Hi, I want to find out the reason for slow performance of some web pages of an ASP.NET intranet website. the reasons could be many like large view state, number of round trips to the server and database, inefficient code in UI/middle tier etc. most of these slow pages are complex web pages with some third party controls, user controls.
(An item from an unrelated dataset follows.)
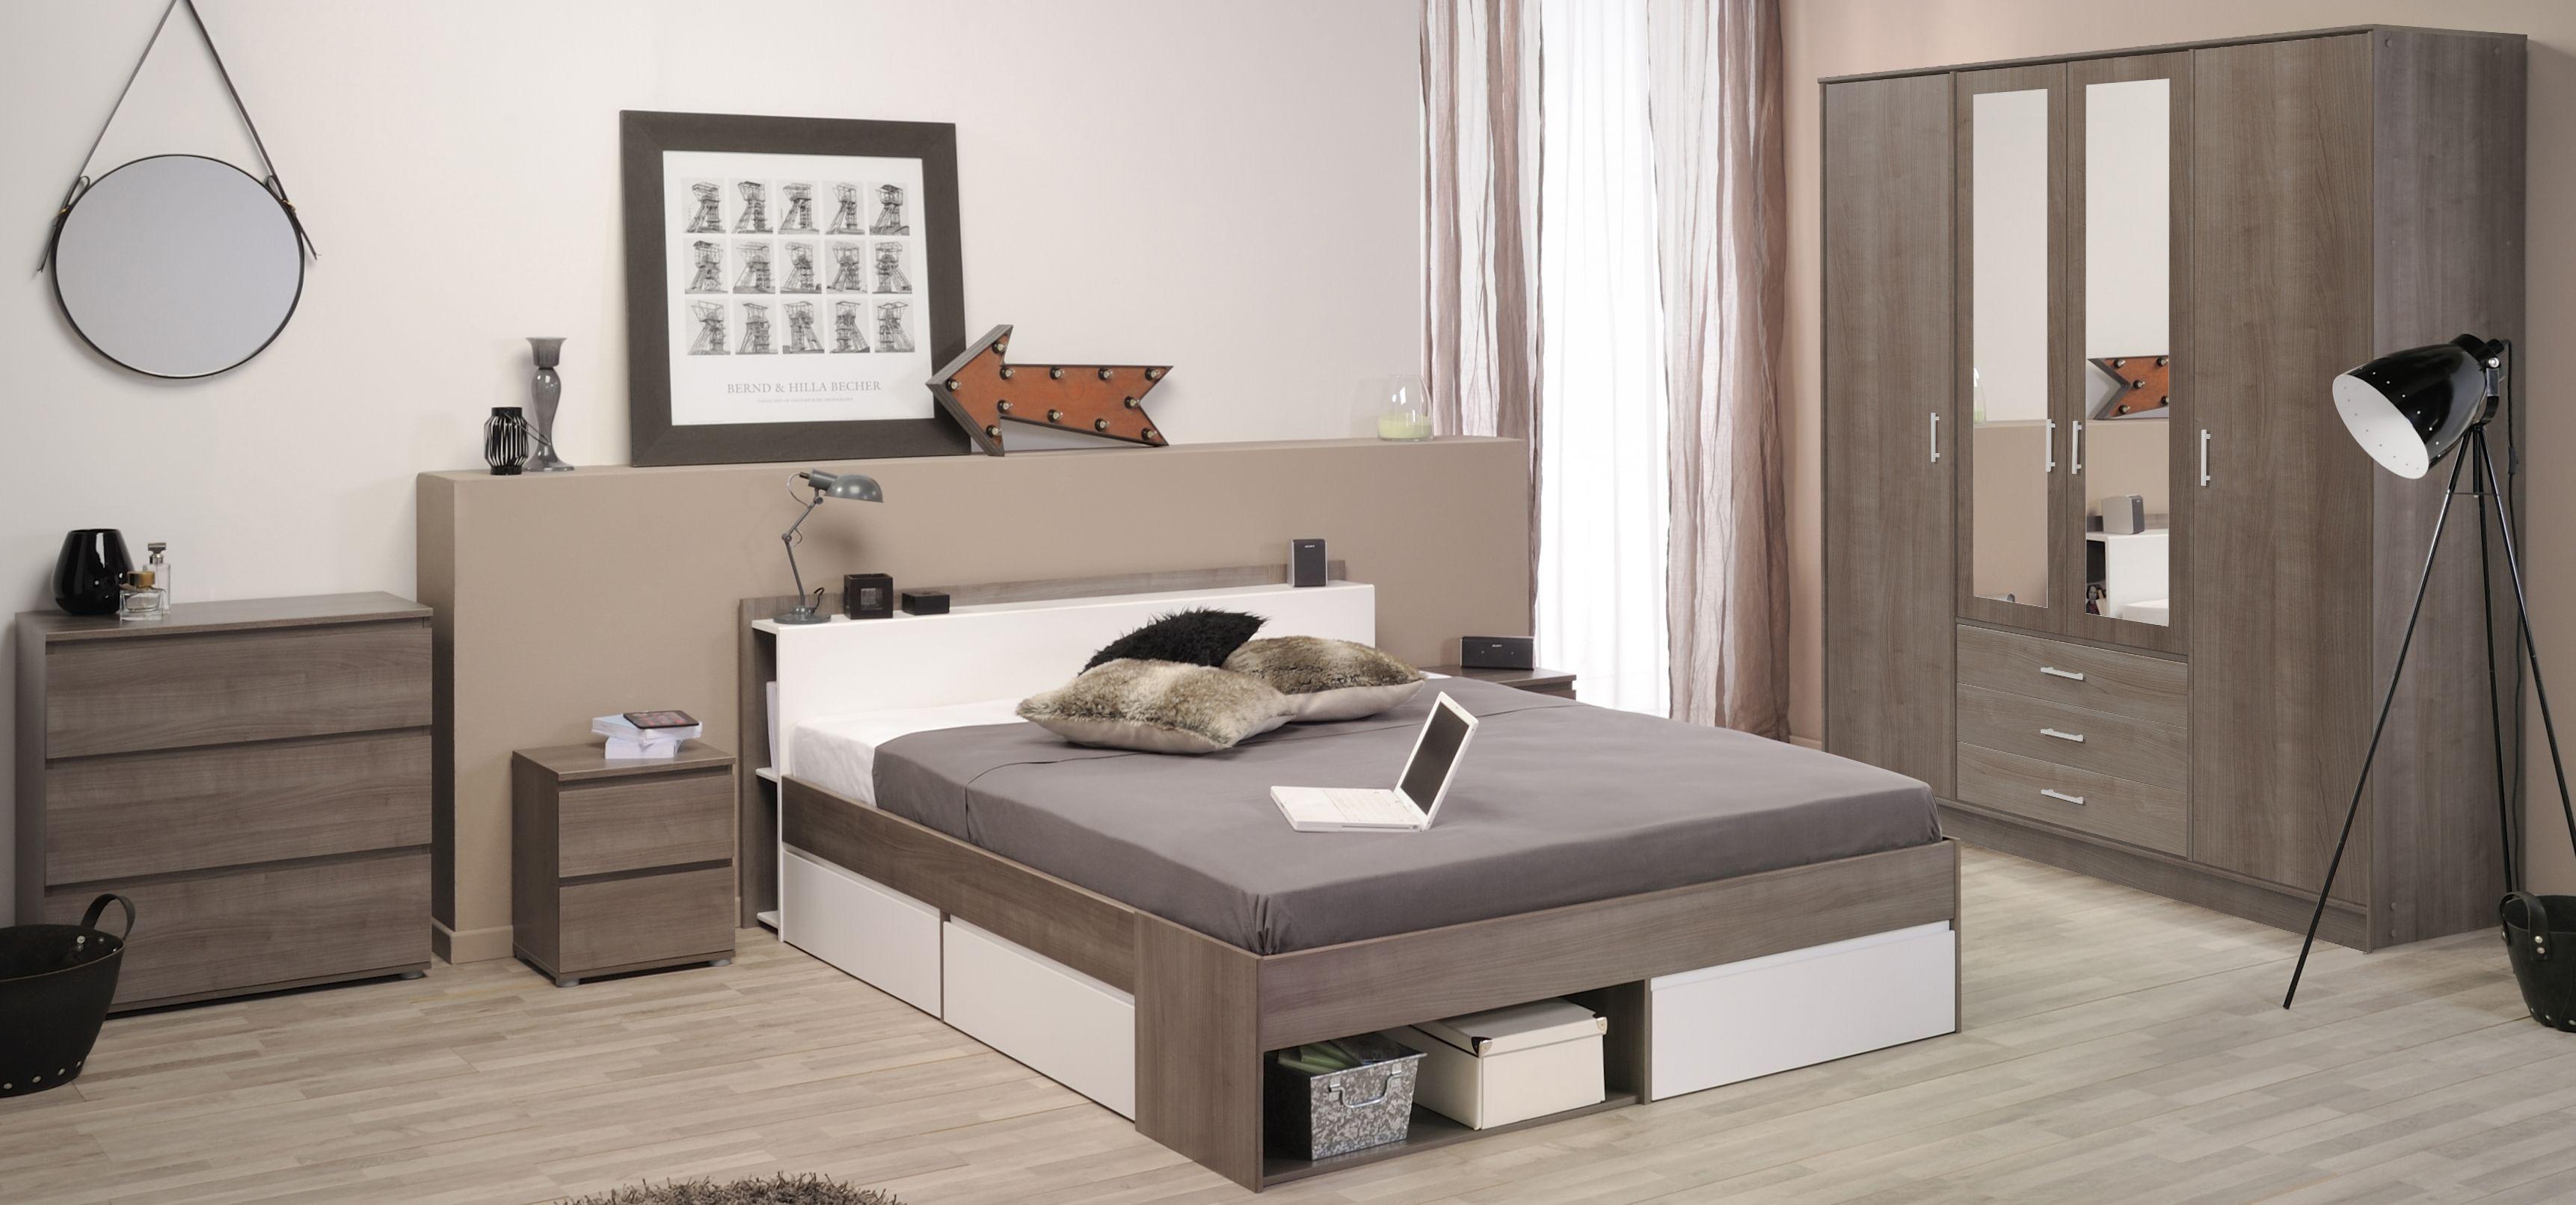 Schlafzimmer Mit Bett 140 X 200 Cm Eiche Silber/ Weiss Woody 167 00570 Holz
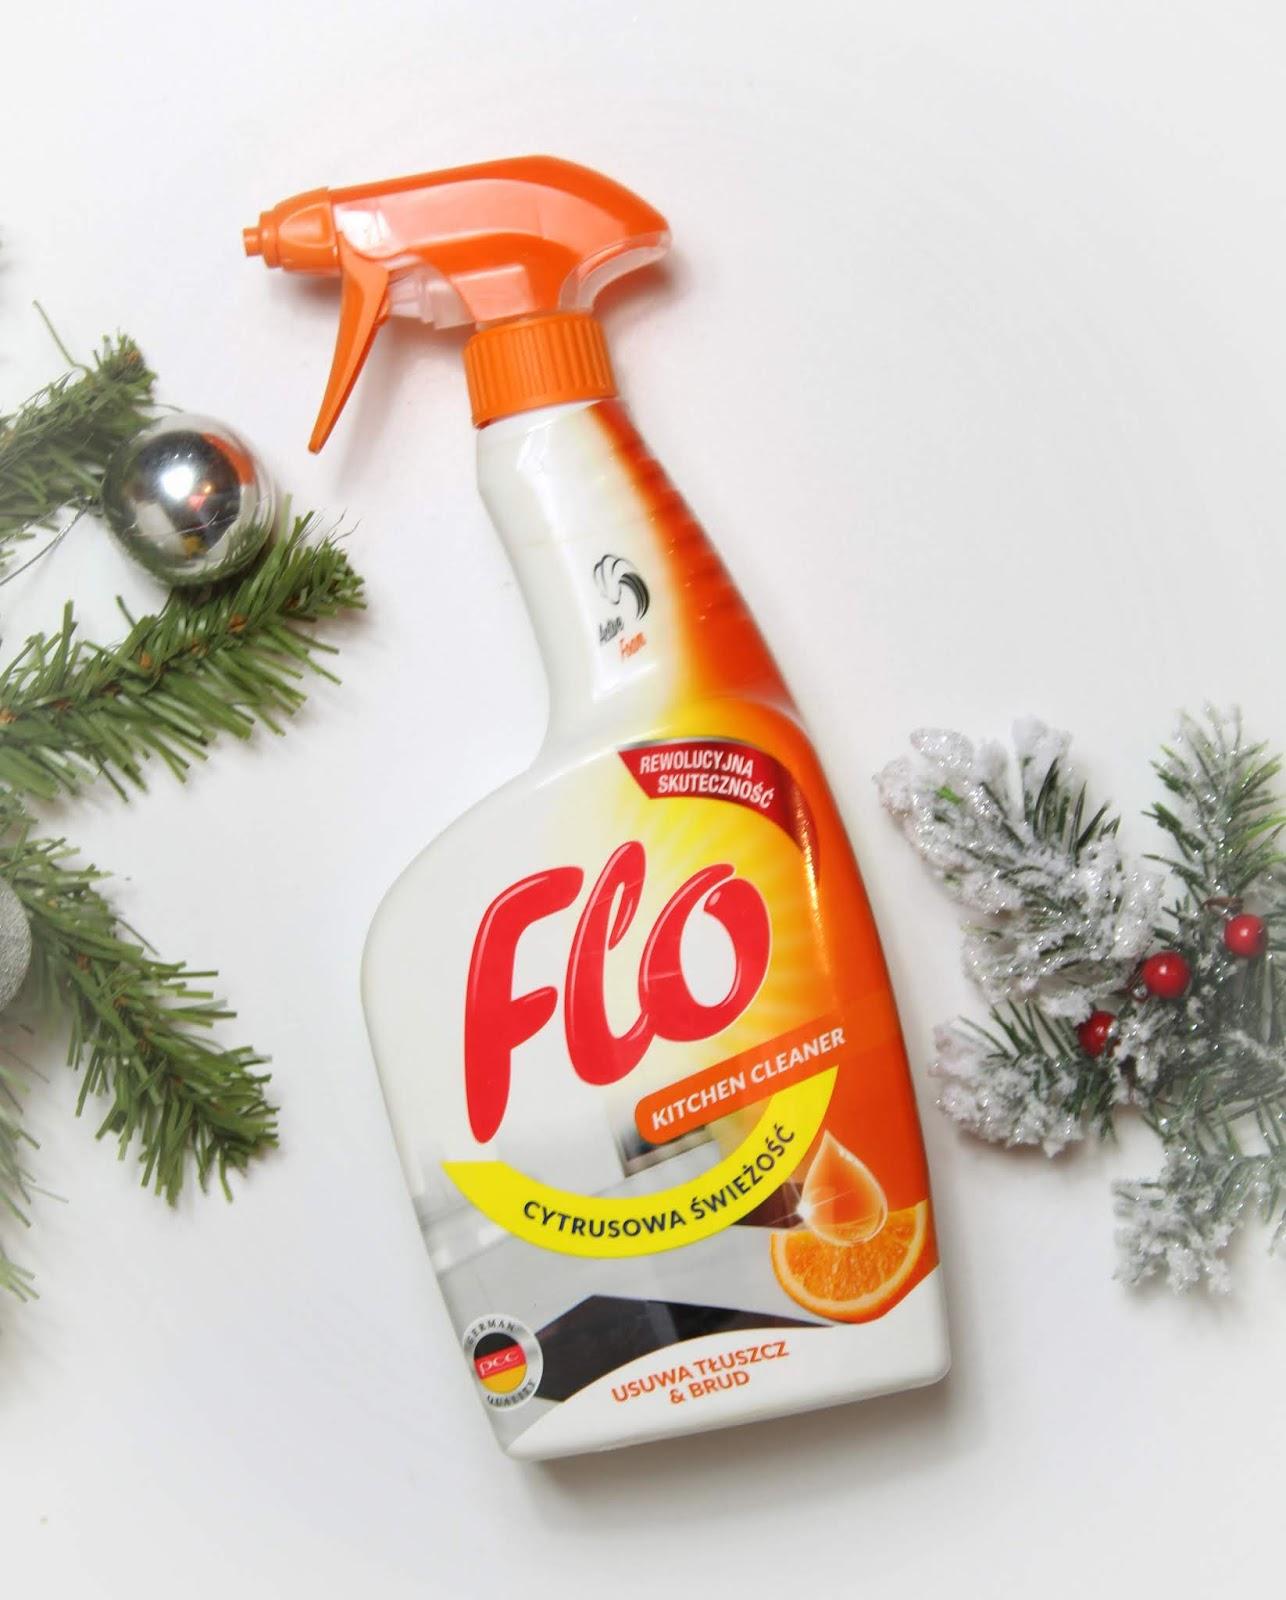 FLO Kitchen Cleaner

what is the quickest way to find out what is causing the page to slow down without debugging each and every interaction on the web page and stepping through lines of code. will the code profilers like ANTS be of any help? or are there any better ways? there could be many factors for slow performance of a page, but I want to fix them in priority order.

thanks, Rama

+1  A: 

You can use a firefox addon named yslow whcih analyzes web pages based on Yahoo's performance rules.

If you want to check code performance then you can use a profiling tool.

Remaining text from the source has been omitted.